Ширяев долго непонимающе смотрел на Заградина, потом, глотая и не выговаривая от гнева слова, выдохнул:

— Вы что, что такое говорите, Заградин? Товарищу Сталину? Доложить? Товарищ Сталин все знает и без наших докладов, без ваших нелепых доморощенных соображений…

Говоря это, Ширяев пристально смотрел на Заградина сбоку, будто не узнавая его или видя впервые. Мысли лихорадочно скакали. «Вишь, как он разошелся. «Положение чрезвычайное, катастрофическое…» Надо дать бой, ответить». В этот момент ему подали записку. Она была от работников, что приехали вместе с ним и сидели сейчас в зале. Там было всего несколько слов: «Заградин раскрылся. Пусть выговорятся и остальные его единомышленники… Яснее будет картина». Ширяев, прочтя записку, несколько успокоился. «Верно, — подумал он, — пусть себя покажут, во всей красе».

Он, хмурясь, смотрел в зал, ни на кого отдельно не глядя, однако всем было не по себе. Каждому казалось, что прищуренные, сверлящие глаза упираются в него.

Выступавшие вслед за Заградиным тоже не обрадовали Андрея Федоровича. Ораторы не рисковали браться за общие проблемы, не разбирали вопросов в масштабе страны. Но ветлужские дела разбирали дотошно. Центру досталось тоже — вопросы ставили такие, что Ширяев ежился. С севооборотами плохо? Плохо. С ценами на сельхозпродукцию чепуха? Чепуха. А удобрения, сельхозинвентарь, а торговля в деревне?

После трех или четырех выступлений слово взял Курганов. Он решил про себя, что будет говорить спокойно, «не дразня гусей», как любил сам выражаться. Но в то же время боялся, что не сумеет выполнить это условие. Михаил Сергеевич только что начал свою речь, как Ширяев спросил:

— Вы подробнее расскажите, Курганов, о ваших новшествах в Приозерье. Ведь вы инициаторы. Деревни побоку, вместо какой-то там Загорянки или Осиновки даешь град Китеж. Или, по крайней мере, центр не меньше, чем Ветлужск или, допустим, Калуга. Так, что ли?

Курганов хотел ответить, но Ширяев, покачав головой, продолжал:

— Скажи какие прыткие. Города им подавай. Может, с метро и театром прикажете отгрохать?
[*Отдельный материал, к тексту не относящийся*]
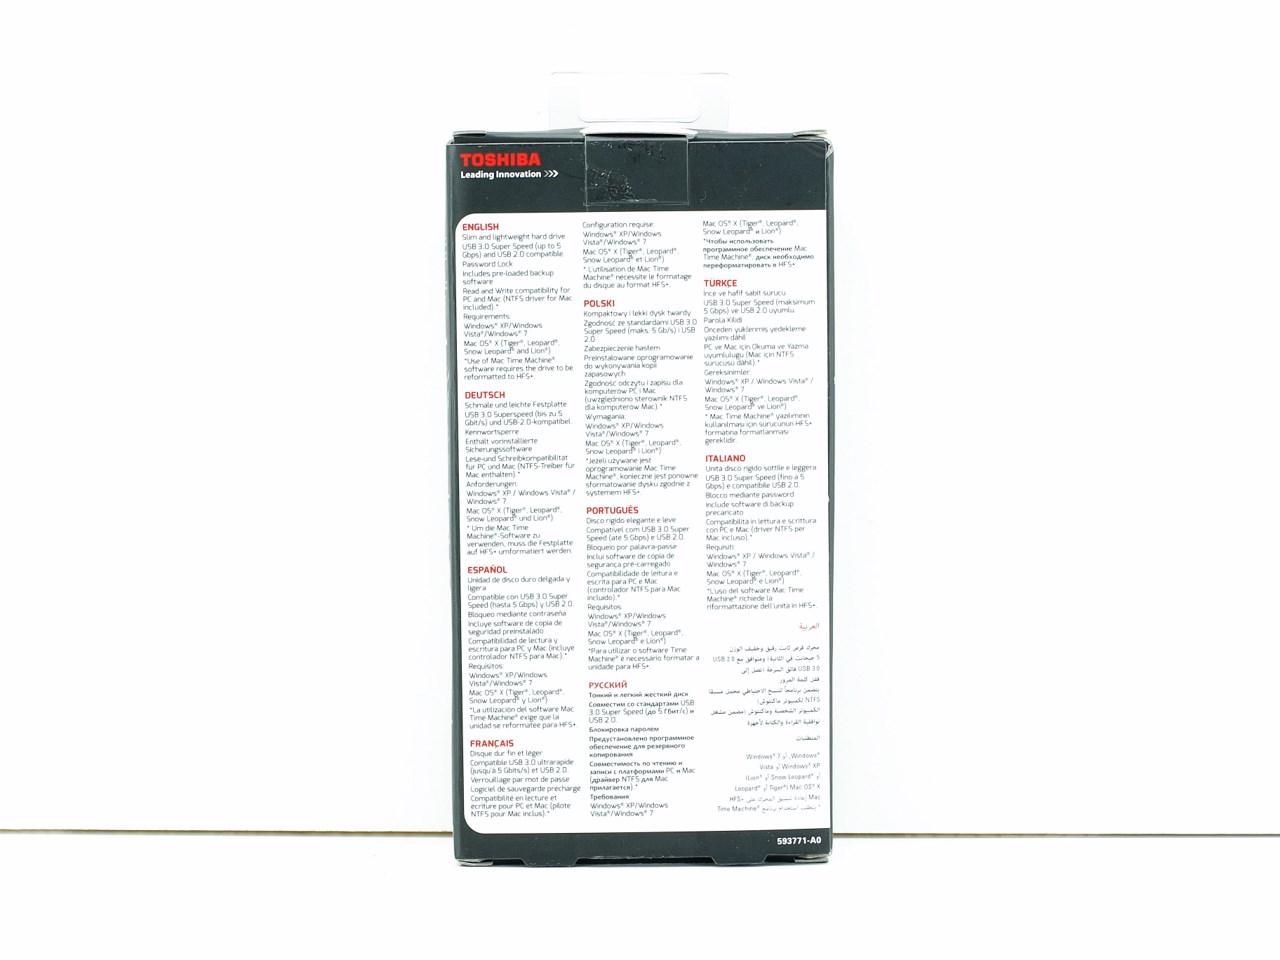 toshiba 500gb external hard drive manual

Расскажи, расскажи, милок, как вы дошли до жизни такой. А колхозники недоумевают, почему такое? Чем не понравились начальству наши Сосновки и Загорянки? Возмущаются.

— Вы ведь знаете, товарищ Ширяев, что дела эти стали развертываться после статьи товарища Хрущева в «Правде».

Ширяев вспылил:

— Вы за высокие авторитеты не прячьтесь. И потом, это была лишь личная точка зрения товарища Хрущева. Личная. Статья печаталась в дискуссионном порядке. Это понимать надо.

Курганов собирался с мыслями: как ответить? Он понимал, что обстановка и так накалена до предела. Он всем сердцем, всем своим существом был согласен с каждым словом, с каждой мыслью Заградина и неотступно думал, как, какими доводами дополнить, подкрепить высказанные им соображения.

— Я был во многих колхозах. Возмущенных колхозников не нашел. Непонимающие, сомневающиеся есть, это верно. Но при каком большом деле их не бывает?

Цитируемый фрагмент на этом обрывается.